しかし、先に述べたとおり、レメディによって本当に病気が治ることは証明されていません。
レメディを使ったことによる安心感や、レメディが効くに違いないという思い込みから、病気が治ったと誤認しただけだと私は思います。
実際には、ワクチンはさまざまな病気を防ぎます(※3 Facts for Parents: Diseases & the Vaccines that Prevent Them)。

レメディそのものは、ただの砂糖玉なので安全で無害ですが、「ワクチンは毒だ」という考えは有害です。

ホメオパシーの有害な考えが引き起こした死亡事例もあります。
赤ちゃんは出血を予防するビタミンKが不足しがちなため、本来は生後すぐにビタミンKのシロップが与えられます。
しかし、ホメオパシー団体の指導者は、「ビタミン剤の実物の投与があまりよくないと思うので、私はレメディーにして使っています」
「ホメオパシーにもビタミンKのレメディーはありますから、それを使っていただきたい」などと言っていました(※4 由井寅子 『ホメオパシー的妊娠と出産』 ホメオパシー出版)。

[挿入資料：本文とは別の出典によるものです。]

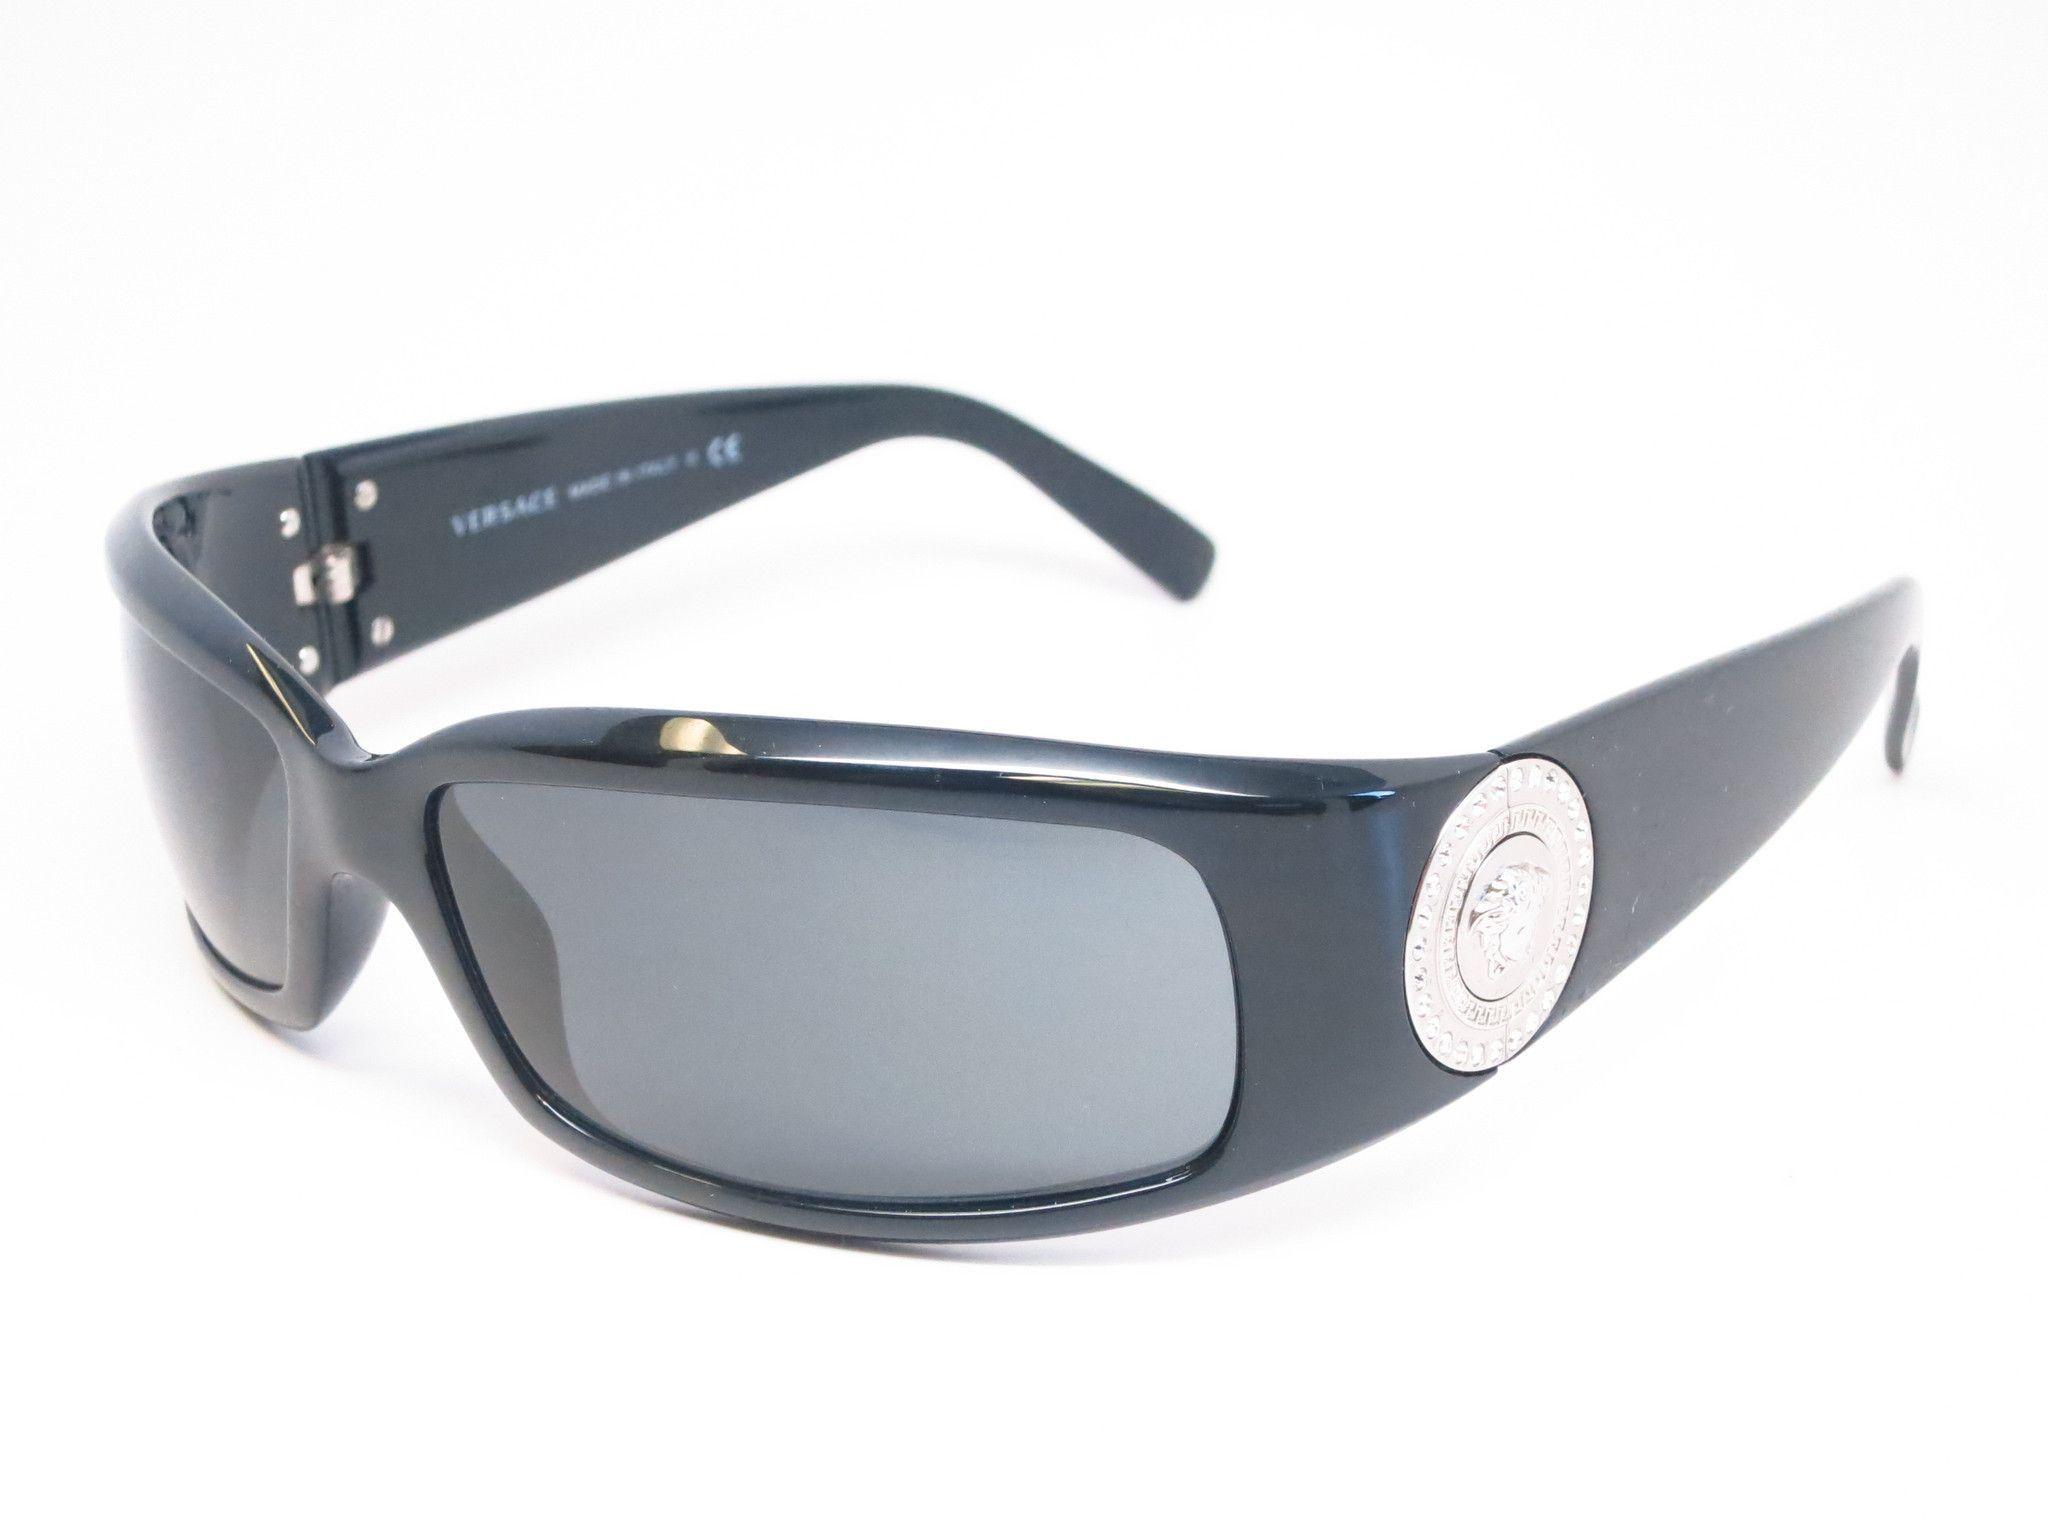 27716a46a0 Versace VE 4044-B Shiny Black GB1 87 Sunglasses

2009年、ビタミンK欠乏症による出血で生後2カ月の赤ちゃんが亡くなるという事件がありました。
その赤ちゃんは、ホメオパシー団体に所属している助産師によって、本物のビタミンKではなく、ビタミンKのレメディを与えられていたのです。
ビタミンKのレメディはただの砂糖玉ですから、ビタミンKの代わりにはなりません。

医療関係者でさえ信じていた

ホメオパシーの指導者たちも、助産師もホメオパシーがおまじないであることをわかっていなかったのです。
この事件は民事訴訟になり、助産師側が和解金を払うことで和解が成立しました。
でも、いくらお金をもらっても、赤ちゃんの命は戻りません。
この事件を受け、日本学術会議は「ホメオパシーに頼ることによって、確実で有効な治療を受ける機会を逸する可能性があることが大きな問題」「医療関係者がホメオパシーを治療に使用することは認められません」という会長談話を発表しました(※5 「ホメオパシー」についての会長談話)。

しかし、残念ながら、医療従事者であるはずの助産師の中には、ホメオパシーを使用している人もいます。
日本助産師会は「助産師がホメオパシーを医療に代わるものとして使用したり、勧めたりすることのないよう、継続的な指導や研修を実施し、会員への周知徹底」を図っています。

もしみなさんが、助産師からホメオパシーを勧められたとしたら、その助産師は日本助産師会の指導に反しているものと思ってください。
ホメオパシーを使用していた助産師は、自然な出産にこだわりがあったようです。
ホメオパシーが受け入れられる背景に「自然は安全で、薬や注射は不自然で危険」という思い込みがあると思います。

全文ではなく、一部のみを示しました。